** Work required **
What is needed is an exact copy of the lines in the entries below from the one holding "Брошка листочок з" through the one holding "Essex Cricket Batsman Stock", pictures excluded.

** Records for the exercise **
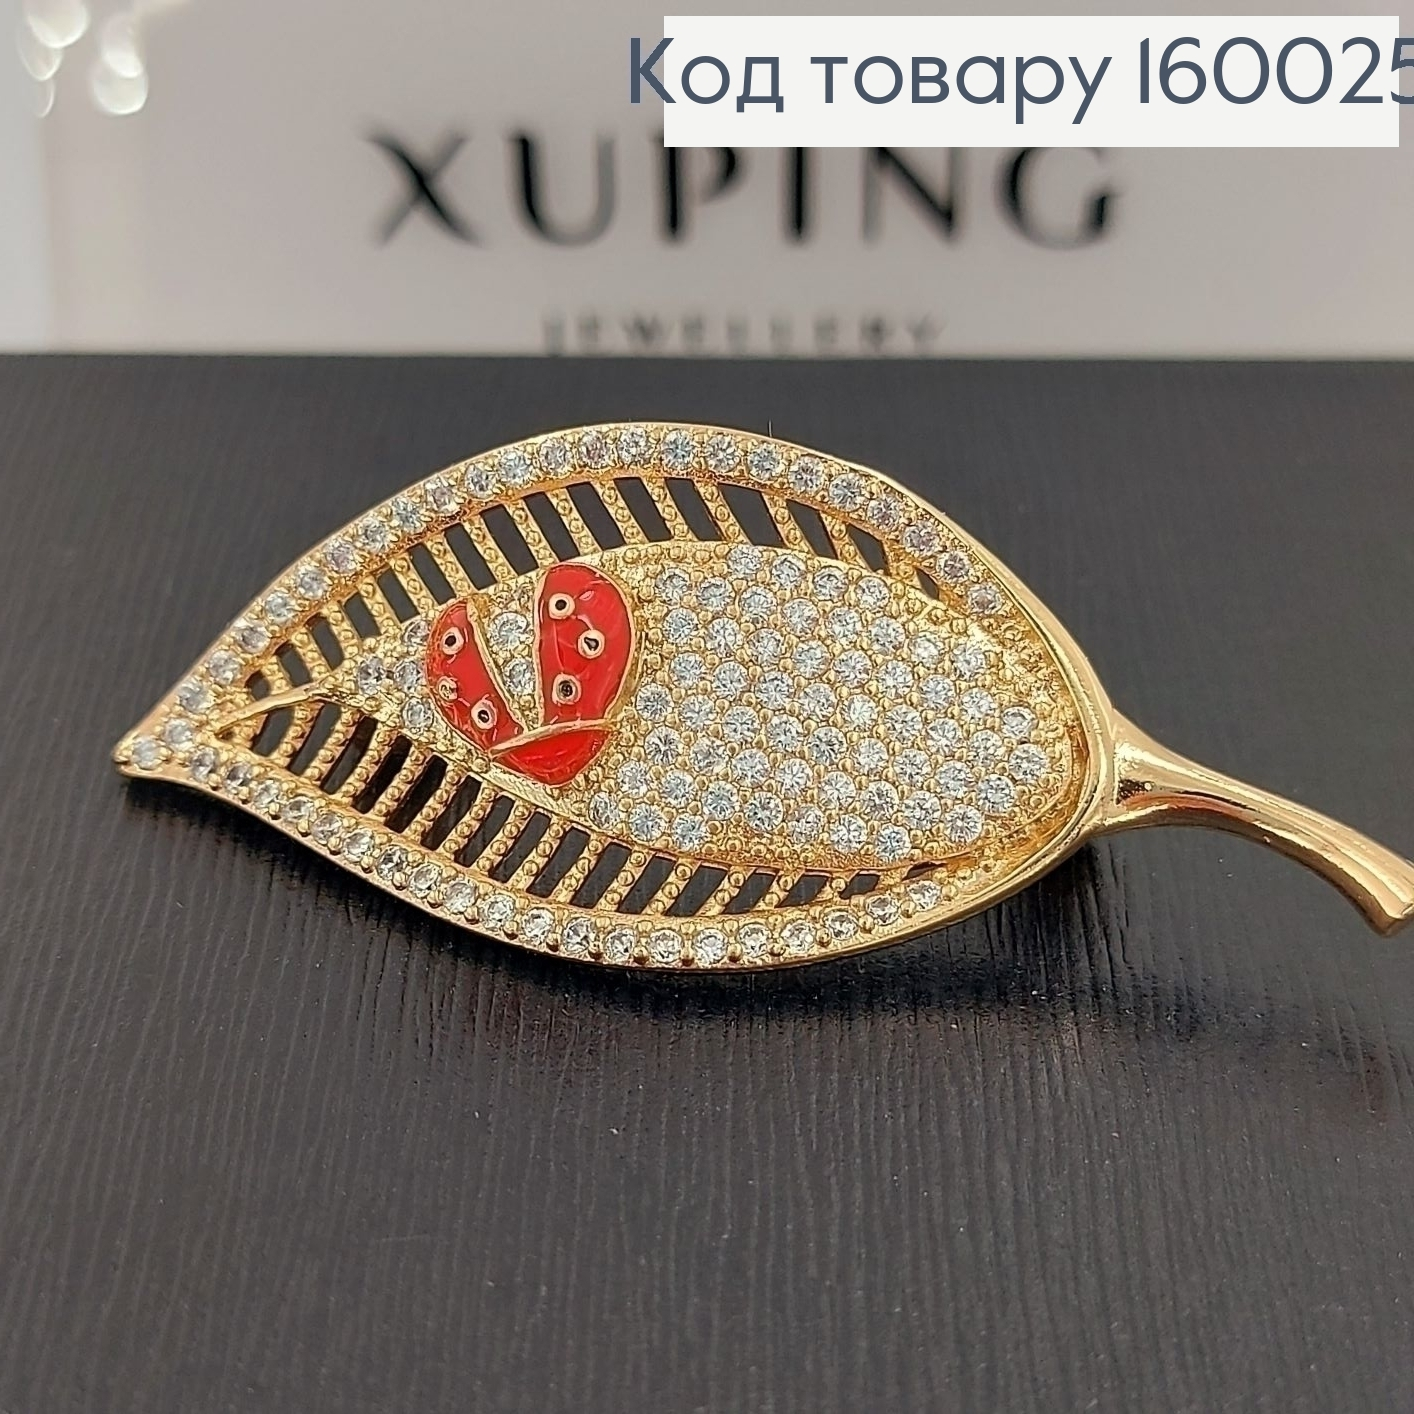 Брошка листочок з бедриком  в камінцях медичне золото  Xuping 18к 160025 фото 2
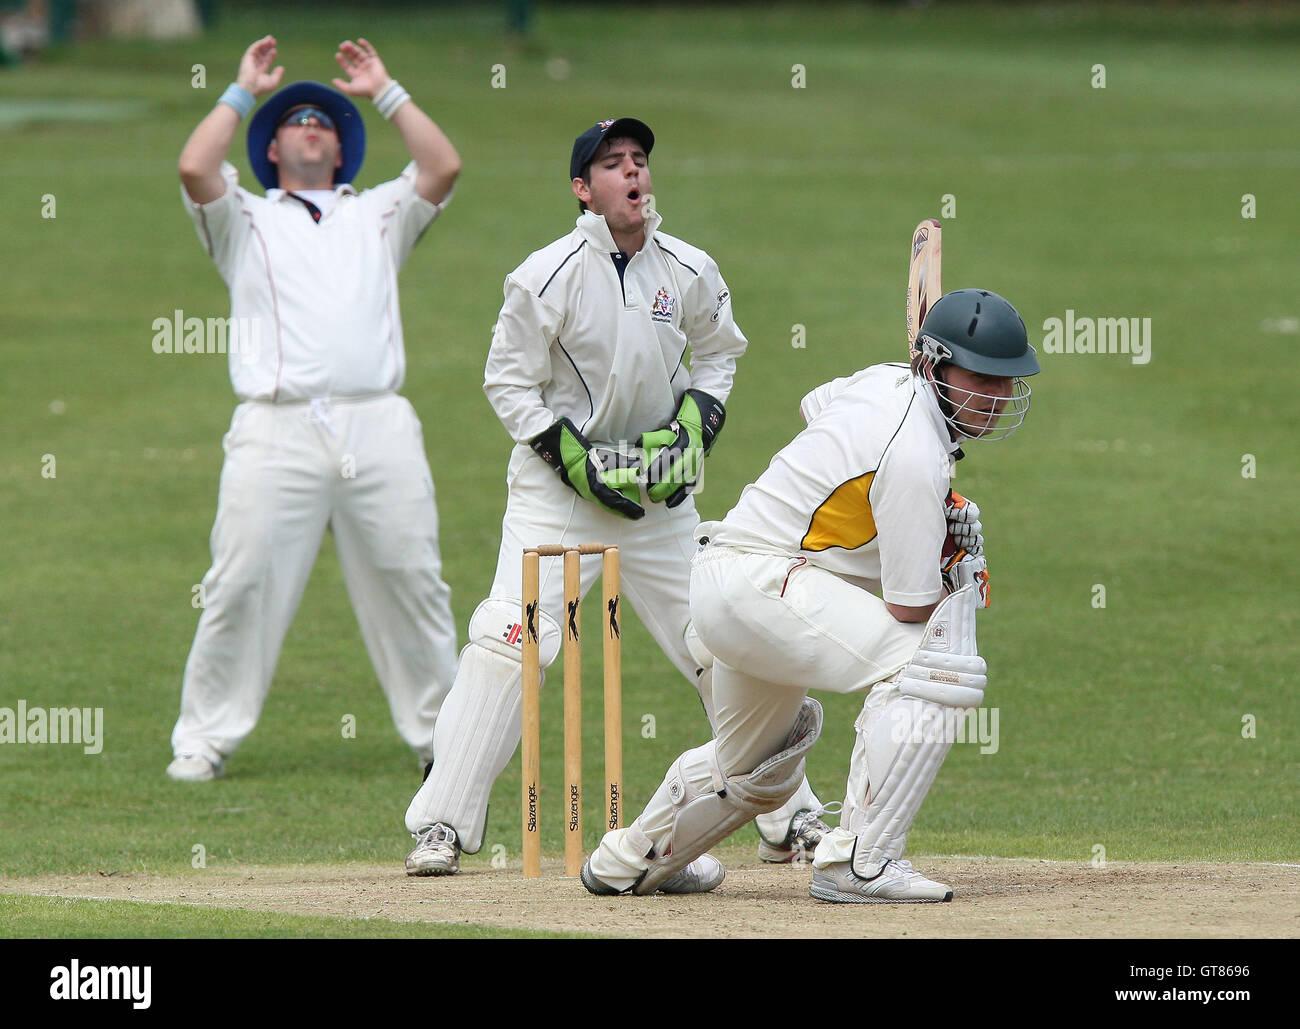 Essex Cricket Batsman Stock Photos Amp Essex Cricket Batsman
==
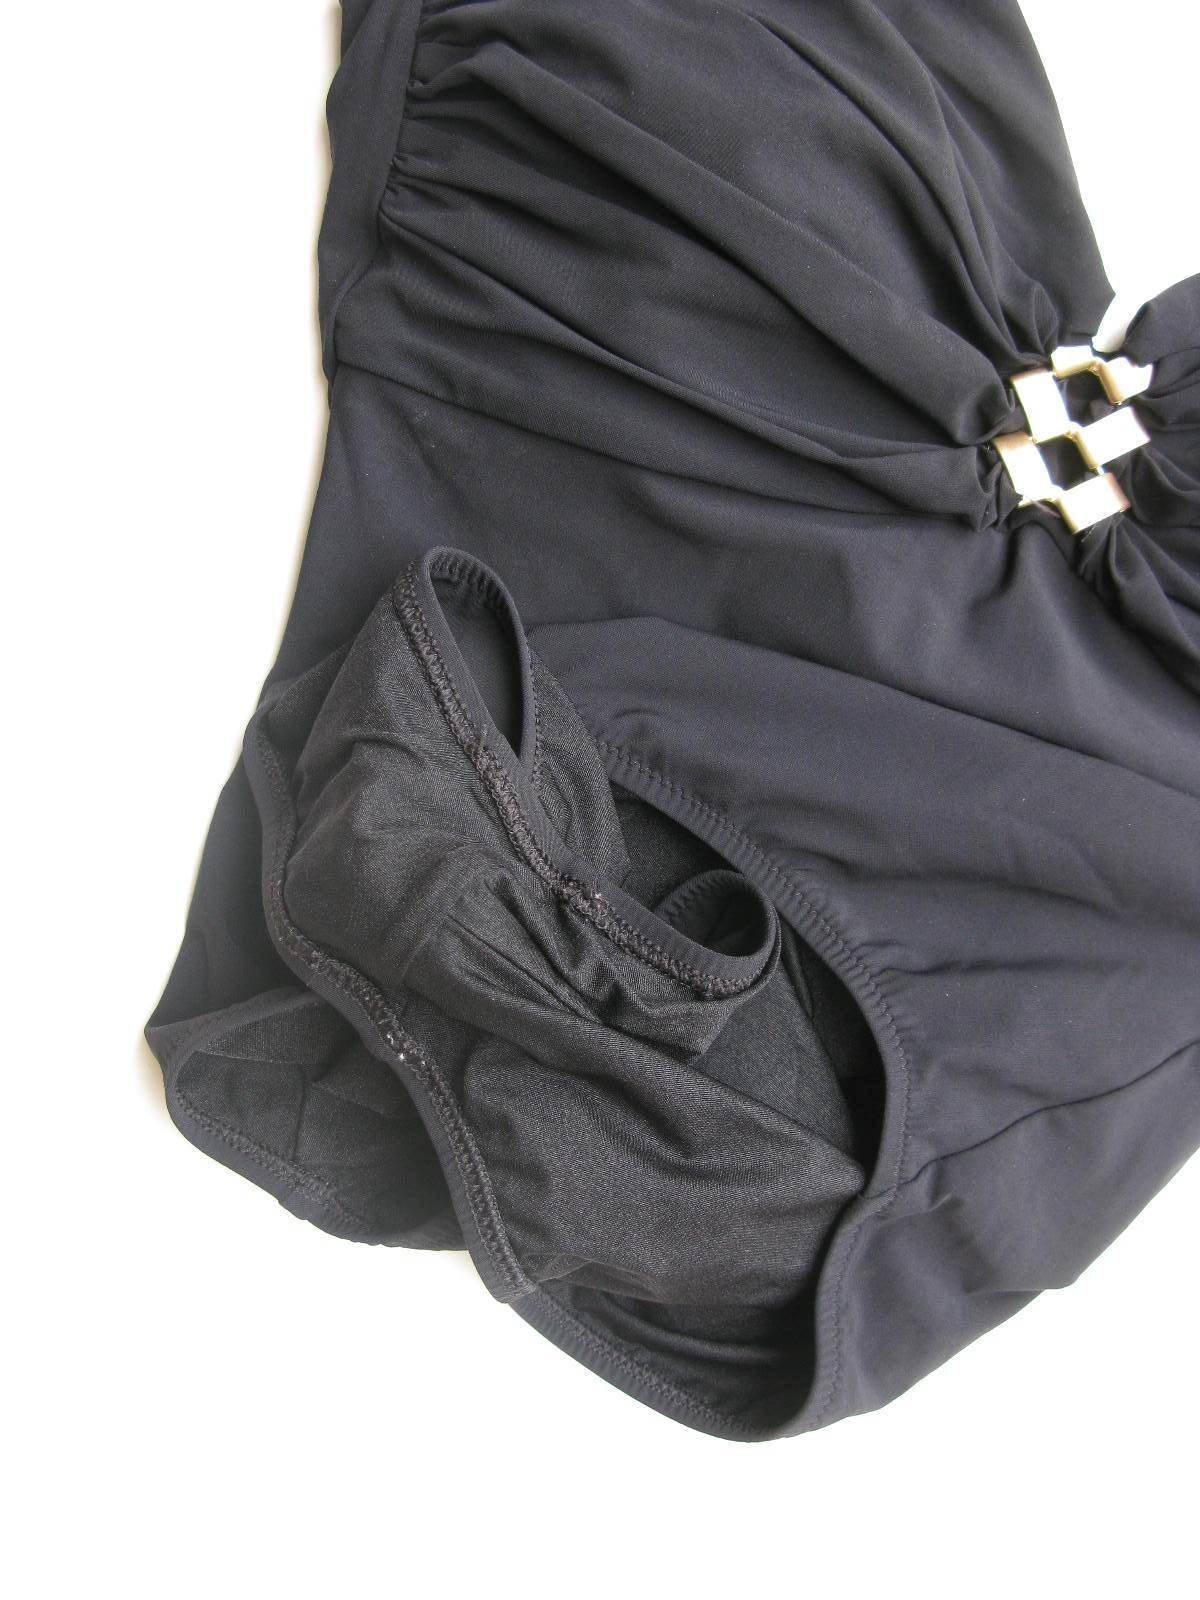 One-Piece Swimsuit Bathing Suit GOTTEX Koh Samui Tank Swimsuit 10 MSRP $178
* * *
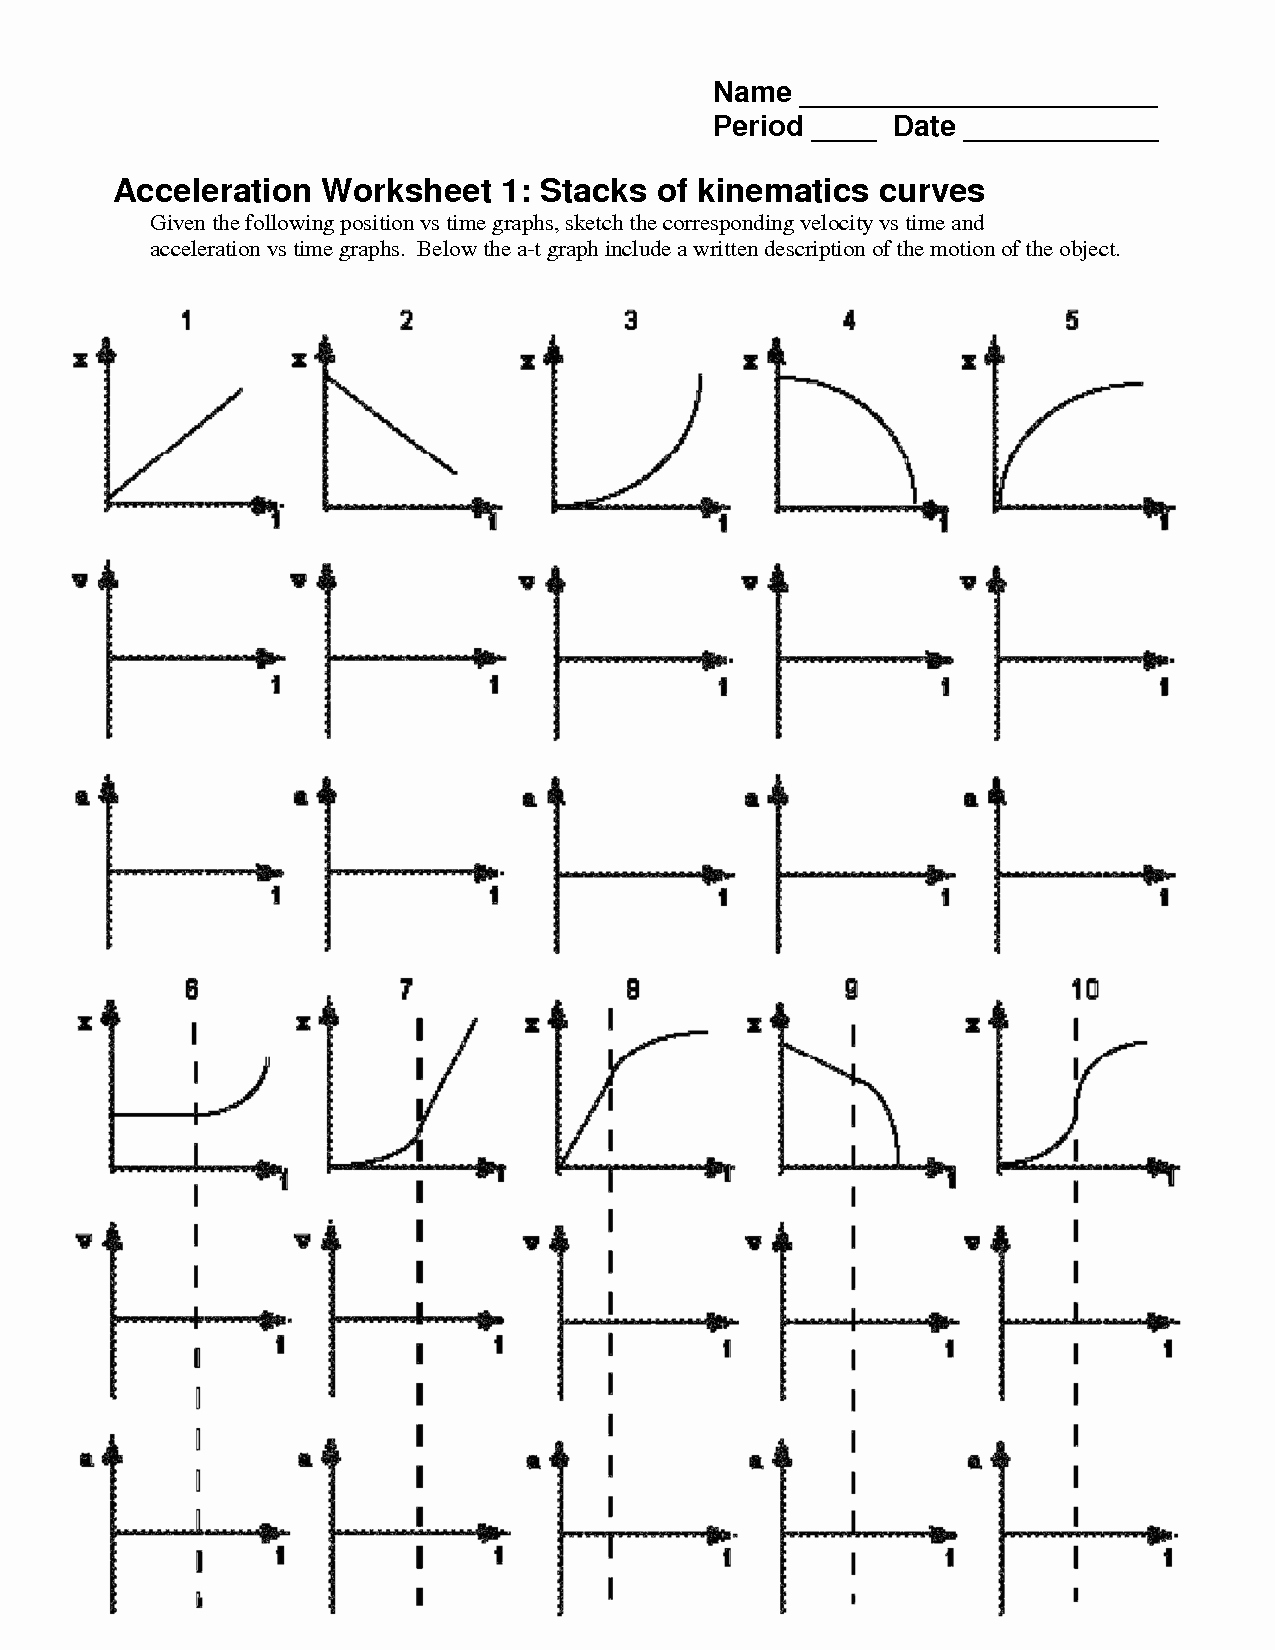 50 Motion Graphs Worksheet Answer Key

** Expected answer **
 Брошка листочок з бедриком  в камінцях медичне золото  Xuping 18к 160025 фото 2
 Essex Cricket Batsman Stock Photos Amp Essex Cricket Batsman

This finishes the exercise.